During 2005, the Company issued warrants to purchase 80,000 shares of Series C preferred stock
in connection with the issuance of Series C preferred stock. During 2006, the Company issued
warrants to purchase 750,000 shares of Series C preferred stock in connection with the issuance
of Series C preferred stock. All Series C preferred stock warrants are exercisable at $0.30
per share. The warrants are non-forfeitable, fully vested and exercisable upon grant. The
fair value of the warrants upon grant was estimated at an aggregate value of $141,163 using the
Black-Scholes valuation model with the following assumptions: expected volatility of 50%,
risk-free interest rate of between 3.88% and 4.33%, contractual life of 7 years and no
dividends. The fair value of the warrants was recorded as issuance costs and was amortized to
interest expense until the redemption date of the Series C preferred stock. The preferred
stock warrant is classified as a liability and is revalued each reporting period that it
remains outstanding, with the changes in fair value recorded within other income (expense),
net, in the accompanying statements of operations. Revaluations at December 31, 2007 and 2008
resulted in nominal changes to the fair value. As of December 31, 2008 none of the warrants
have been exercised.
During 2006 and 2007, in connection with the issuance of convertible promissory notes, the
Company issued warrants to purchase 38,450,814 shares of preferred Series D stock with an
exercise price of $0.10153 per share. The warrants are non-forfeitable, fully vested and
exercisable upon grant. The fair value of the warrants upon grant was estimated at an
aggregate value of $2,476,712 using the Black-Scholes valuation model with the following
assumptions: expected volatility of 45%, risk-free interest rate of 4.76%, contractual life of
10 years and no dividends.
The fair value of the warrants was recorded as debt issuance costs and was amortized to
interest expense until the loans were converted to Series D preferred stock. The remaining
fair value of the warrants at the conversion date, $148,031, was recorded against Series D
preferred stock as issuance costs. The preferred stock warrant is classified as a liability
and is revalued each reporting period that it remains outstanding, with the changes in fair
value recorded within other income (expense), net, in the accompanying statements of
operations. Revaluations at December 31, 2007 and 2008 resulted in nominal changes to the fair
value. As of December 31, 2008 none of the warrants have been exercised.
- 20 -
TELSIMA CORPORATION AND SUBSIDIARIES
Notes to Consolidated Financial Statements
11. Preferred Stock and Common Stock Warrants (continued)

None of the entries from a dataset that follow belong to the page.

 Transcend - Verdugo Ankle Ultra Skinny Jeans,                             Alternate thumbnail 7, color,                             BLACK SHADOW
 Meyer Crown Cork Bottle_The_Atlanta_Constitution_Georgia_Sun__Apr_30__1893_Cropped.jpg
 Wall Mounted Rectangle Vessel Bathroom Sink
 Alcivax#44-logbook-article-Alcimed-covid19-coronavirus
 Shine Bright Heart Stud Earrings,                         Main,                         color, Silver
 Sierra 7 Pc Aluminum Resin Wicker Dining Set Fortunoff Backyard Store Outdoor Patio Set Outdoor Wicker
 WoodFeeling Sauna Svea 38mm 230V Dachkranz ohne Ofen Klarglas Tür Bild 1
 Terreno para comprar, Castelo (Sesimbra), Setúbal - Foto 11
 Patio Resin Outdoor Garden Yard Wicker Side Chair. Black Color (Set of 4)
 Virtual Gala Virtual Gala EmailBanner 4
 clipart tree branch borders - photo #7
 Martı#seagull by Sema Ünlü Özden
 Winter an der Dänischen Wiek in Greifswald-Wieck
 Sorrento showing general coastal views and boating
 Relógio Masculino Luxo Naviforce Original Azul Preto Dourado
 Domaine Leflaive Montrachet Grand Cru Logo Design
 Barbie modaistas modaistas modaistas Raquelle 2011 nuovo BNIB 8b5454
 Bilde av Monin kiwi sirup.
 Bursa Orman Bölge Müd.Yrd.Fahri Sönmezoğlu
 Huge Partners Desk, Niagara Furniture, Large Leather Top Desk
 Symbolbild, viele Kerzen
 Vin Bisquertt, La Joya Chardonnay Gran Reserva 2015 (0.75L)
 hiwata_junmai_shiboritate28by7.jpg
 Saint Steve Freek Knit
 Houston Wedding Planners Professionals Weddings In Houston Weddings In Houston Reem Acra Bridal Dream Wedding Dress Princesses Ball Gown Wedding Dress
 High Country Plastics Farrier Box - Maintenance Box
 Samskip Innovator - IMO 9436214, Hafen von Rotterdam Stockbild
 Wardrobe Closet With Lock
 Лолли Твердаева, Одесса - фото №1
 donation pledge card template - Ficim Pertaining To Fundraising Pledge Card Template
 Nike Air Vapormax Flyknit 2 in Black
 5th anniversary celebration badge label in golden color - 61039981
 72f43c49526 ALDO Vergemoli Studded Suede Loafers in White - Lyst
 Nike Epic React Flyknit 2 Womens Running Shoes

In April 2007, in connection with the issuance of Series D preferred stock, the Company issued
warrants to purchase 246,230,000 shares of the Companys common stock at an exercise price of
$0.03 per share to Reliance, the Companys largest customer and preferred stockholder (see
Note 16). All shares under the warrant are exercisable only for three months; the period from
nine years and nine months from date of issuance to 10 years, although the shares become
immediately exercisable in the event of notice of an acquisition or a qualified public
offering for the common shares. Under the warrants, 40,000,000 shares vested immediately upon
grant and are non-forfeitable. The fair value of the warrants that vested upon grant was
estimated at an aggregate value of $800,591 using the Black-Scholes valuation model with the
following assumptions: expected volatility of 50%, risk free interest rate of 4.69%,
contractual life of 10 years, and no dividends. The fair value of the warrant was recorded as
Series D preferred stock issuance costs. As of December 31, 2008 none of the warrants have
been exercised.
Warrants to purchase the remaining 206,230,000 shares of common stock vest monthly over 36
months, although vesting can be accelerated based upon Reliance purchases. Under the terms of
the warrant, and based on prior Reliance purchases, 4,969,398 shares were fully vested upon
grant. As of December 31, 2007 and 2008, an additional 62,158,928 and 89,835,775 shares
vested respectively based on Reliance purchases. The fair value of the warrants vested during
the nine month periods ended December 31, 2008 and 2007 was estimated at an aggregate value of
$1,021,770 and $1,337,691, respectively, using the Black-Scholes valuation model with the
following assumptions: expected volatility of 50%, risk free interest rate of between 2.42%
and 5.10%, contractual life of 10 years, and no dividends. The fair value of warrants
provided to customers in exchange for sales is typically treated as a sales incentive and
recorded as a reduction to revenue. However revenue and cost of revenue (equal to revenue)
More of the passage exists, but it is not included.